Inside the Republican Suicide Machine: How the GOP Is Tearing America Apart

The Republicans have now joined a relatively small number of major American political parties that became the captive of a narrow ideology and either jettisoned or silenced their more moderate elements. The Democratic Party suffered this fate in the 1840's and 1850's, when Southern slaveholders took command of the party's levers of power. So, temporarily, did the Republicans in 1964, when Barry Goldwater's presidential campaign claimed the party for extremists on the right, an augury of things to come. But today's Republicans, whatever their pretensions about channeling the Founding Fathers, are so contemptuous of American history and institutions that they cannot learn from even their own recent past.

 Like earlier declines into dogmatic politics, the Republicans descended gradually, beginning with Ronald Reagan's departure from the White House in 1989. Reagan had governed shrewdly. While getting his way on what he thought was important, including dramatically lowering marginal tax rates and combating the Soviet Union, he knew how to compromise. He also knew how to exploit the culture wars, paying lip service to causes like the "pro-life" movement without risking any political capital on them. Reagan adroitly kept his true- believer supporters in line even as he raised taxes no fewer than 11 times, raised government spending by 57 percent (in current dollars), and nearly tripled the national debt to $2.6 trillion. Yet while Reagan's success continued to shape national politics for decades after he left office, he alone proved capable of holding together the conservative coalition that had swept him to power.

With no clear-cut successor on the right, the GOP turned to a scion of the old GOP establishment, George Herbert Walker Bush. Deepening divisions between center-right Republicans like Bush and a new crop of Republican right-wing firebrands like Newt Gingrich contributed heavily to Bush's ouster in 1992. Bill Clinton's innovative center-left politics seemed to revive the Democrats and sent the Republicans into paroxysms that fed their further shift to the right. But even though Clinton won re-election in 1996, his own precarious coalition did not hold. With George W. Bush's victory in 2000, engineered by a one-vote majority of the conservative phalanx on the Supreme Court, the post-Reagan GOP reached a new and more radical phase.
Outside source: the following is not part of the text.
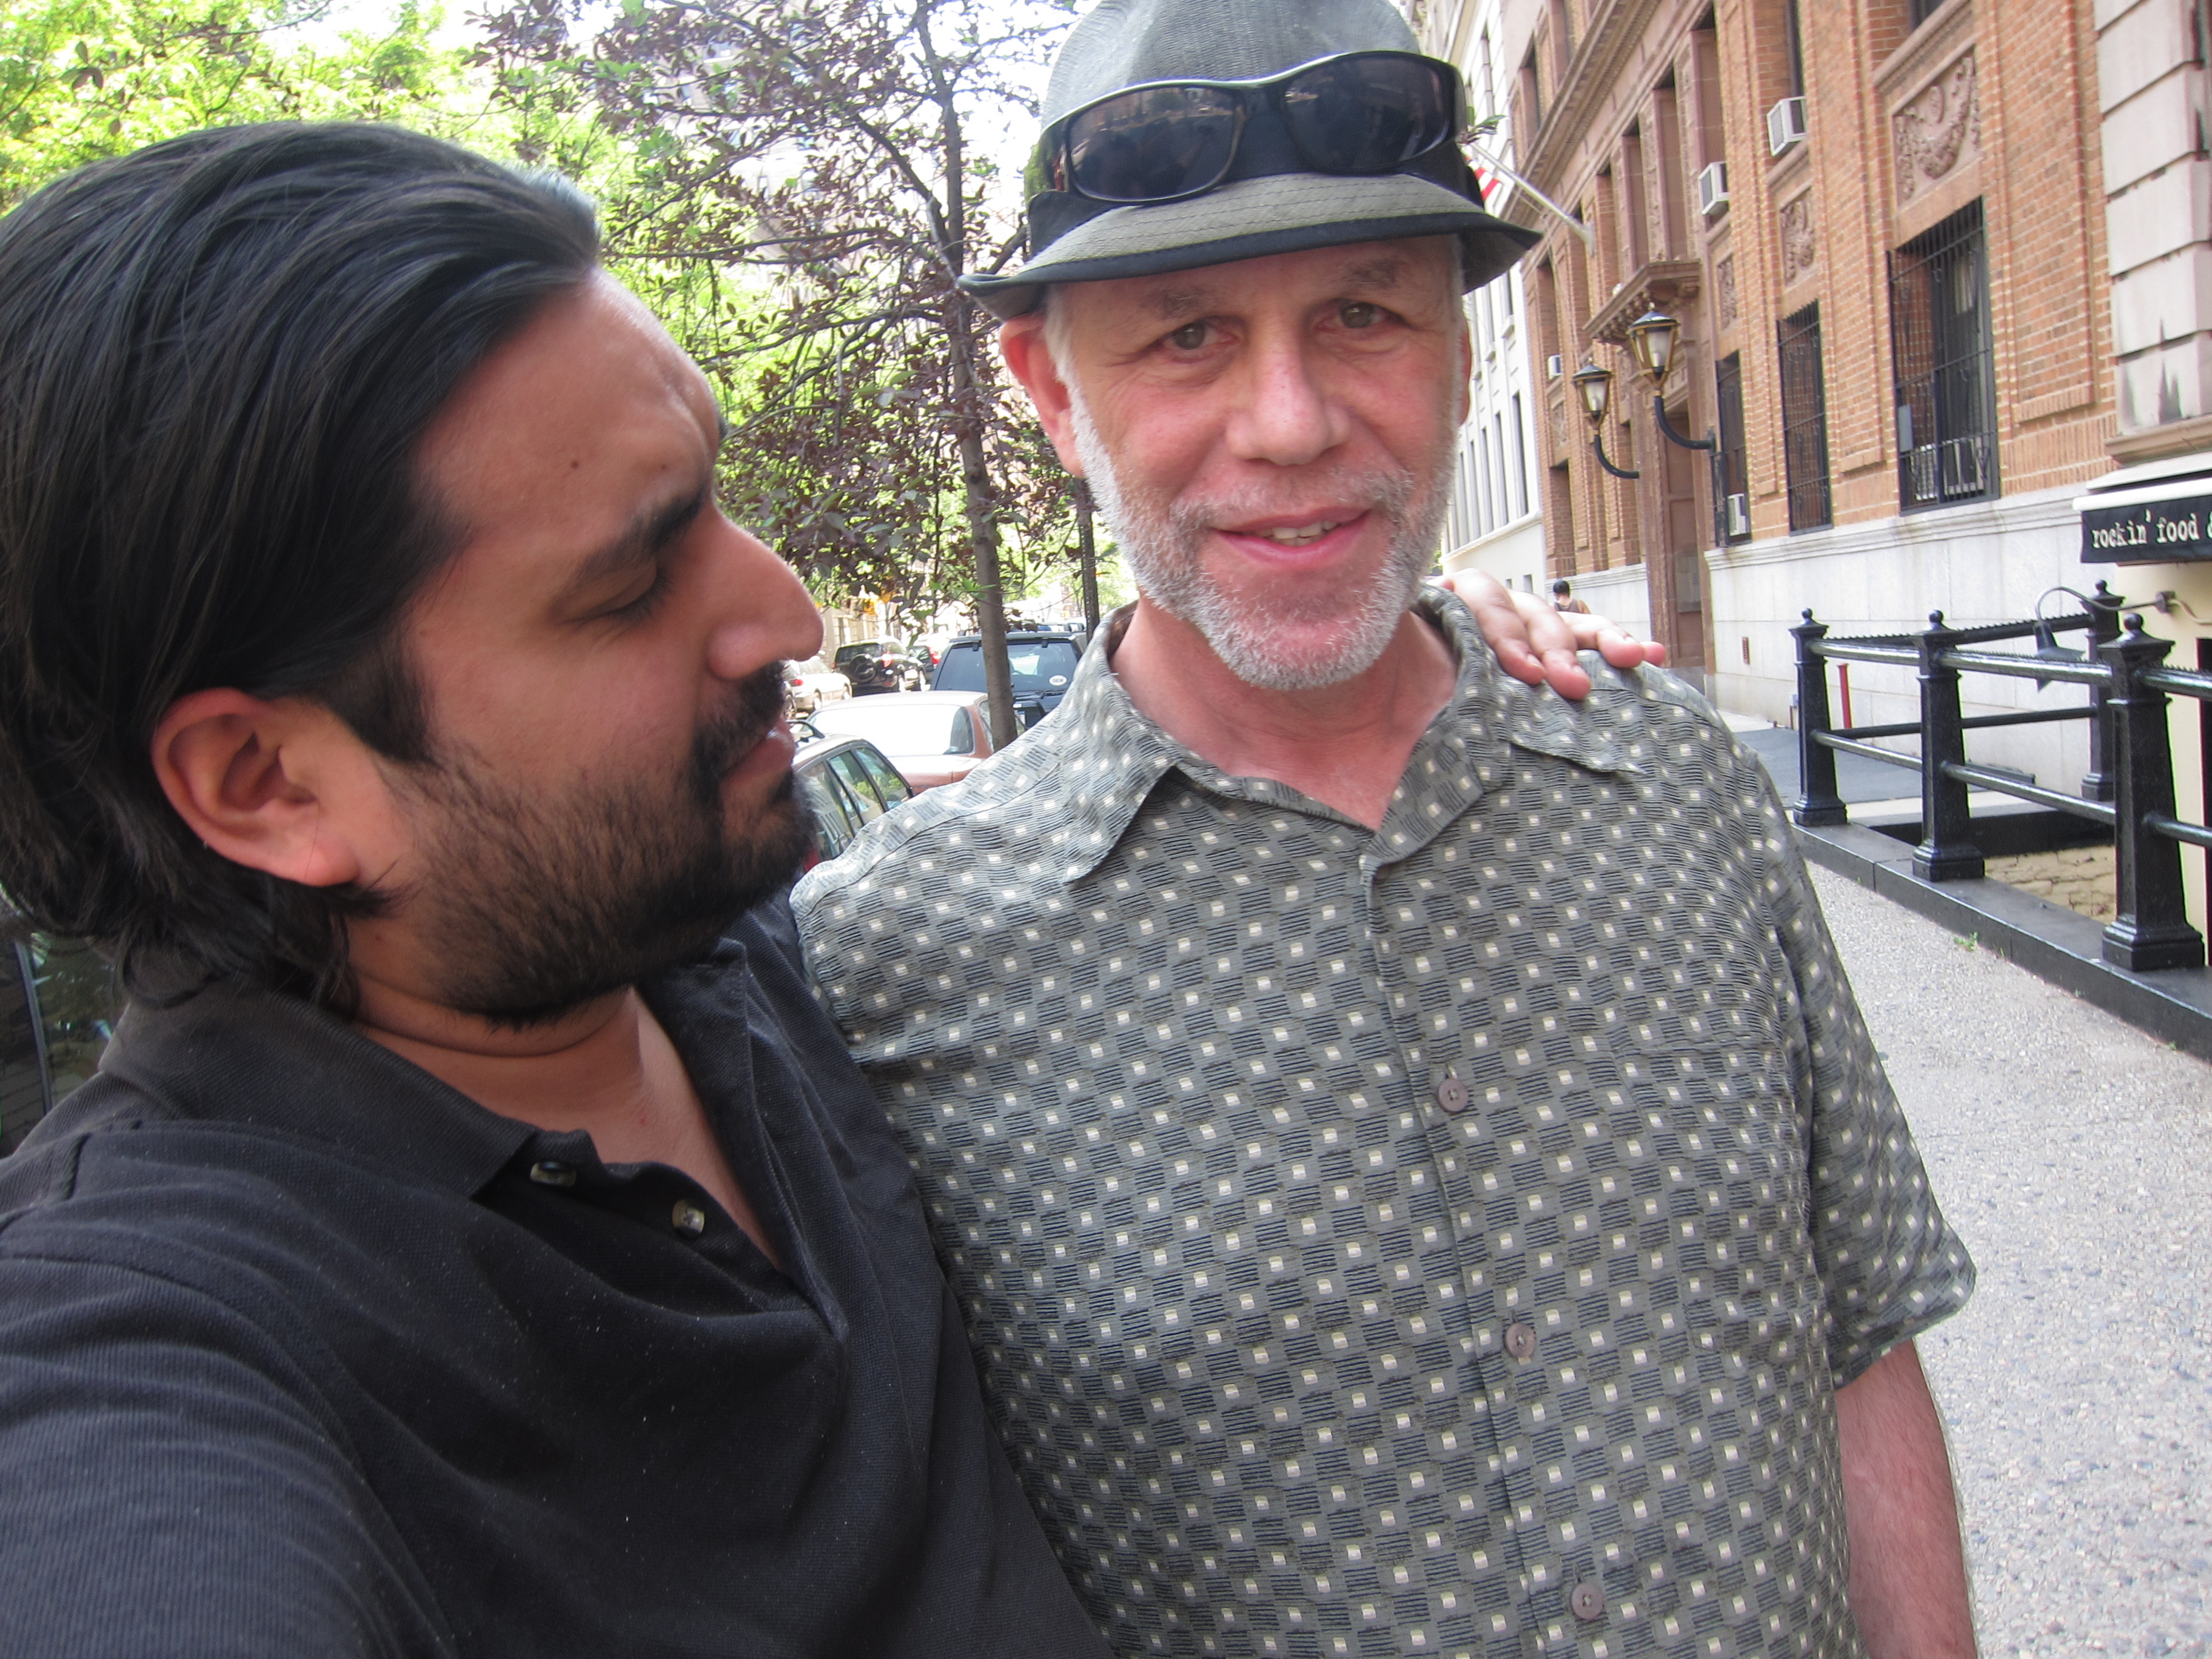 Al Burgo (Searching for Bobby D, Trust Me, The Last Gamble) and Ronnie Banerjee on the set of Night Bird

After an unsteady start, the new Bush administration won enormous popular support following the terrorist atrocities of September 11th, 2001. In time, his popularity diminished, but it proved strong enough to secure – narrowly – his re-election in 2004. Despite the thinness of the president's margin of victory, Bush's political strategist Karl Rove spoke of a "permanent Republican majority" that would last for a generation or more. In the conservative Weekly Standard, the pundit Fred Barnes remarked, almost matter-of-factly, that "Republican hegemony in America is now expected to last for years, maybe decades."

Four years later, the Bush administration was in its death spiral. The economy was on the brink of collapse in the worst financial crisis since the Great Depression, a crisis traceable to the utter lack of oversight and regulation of an out-of-control financial sector. Anger over the Iraq War, the government's passive early response to the devastation of Hurricane Katrina, and more, had caused the president's public-approval ratings to plunge. Two years earlier, the Democrats had regained a majority in the House of Representatives for the first time in more than a decade, giving them virtual control of both houses of Congress.

The anti-Bush backlash, though, was not confined to Democrats and independents. Bush had already stirred resentment on the right during his first term with his unfunded Medicare prescription-drug reforms, which many hard-line conservative Republicans viewed as a big-government betrayal. Early in his second term, Bush tried and failed to advance the privatization of Social Security, which would have put the program in the hands of the bankers, derivatives speculators and mortgage brokers. Had it worked, Bush might have gained some credibility among the hard-liners, who had long dreamed of destroying the ultimate New Deal program. Then Bush enraged much of the Republican base with his efforts to liberalize immigration policy. But it was his drastic interventions in the wake of the financial crisis to bail out the floundering banks that most offended the right wing of his party. They saw Bush's prudent actions to prevent complete economic disaster as his final act of big-government treason. The ensuing protests sparked the uprisings that turned into the Tea Party phenomenon.

The Republicans' continuing transformation into a narrow ideological party, which some observers thought would halt after Bush's failure, would have many more cycles to go. Battered and discouraged, the GOP nominated Sen. John McCain, the last major national Republican whose career stretched back to the glory years of Ronald Reagan, but his reputation for irascible independence made the right-wing Republicans worse than squeamish. In desperation for party unity, McCain opted for the inexperienced, ignorant but unassailably far-right Gov. Sarah Palin of Alaska as his running mate, momentarily exciting the party base but, in the long run, damaging his hopes with the rest of the electorate. Sen. Barack Obama won handily, the greatest Democratic presidential victory in nearly half a century.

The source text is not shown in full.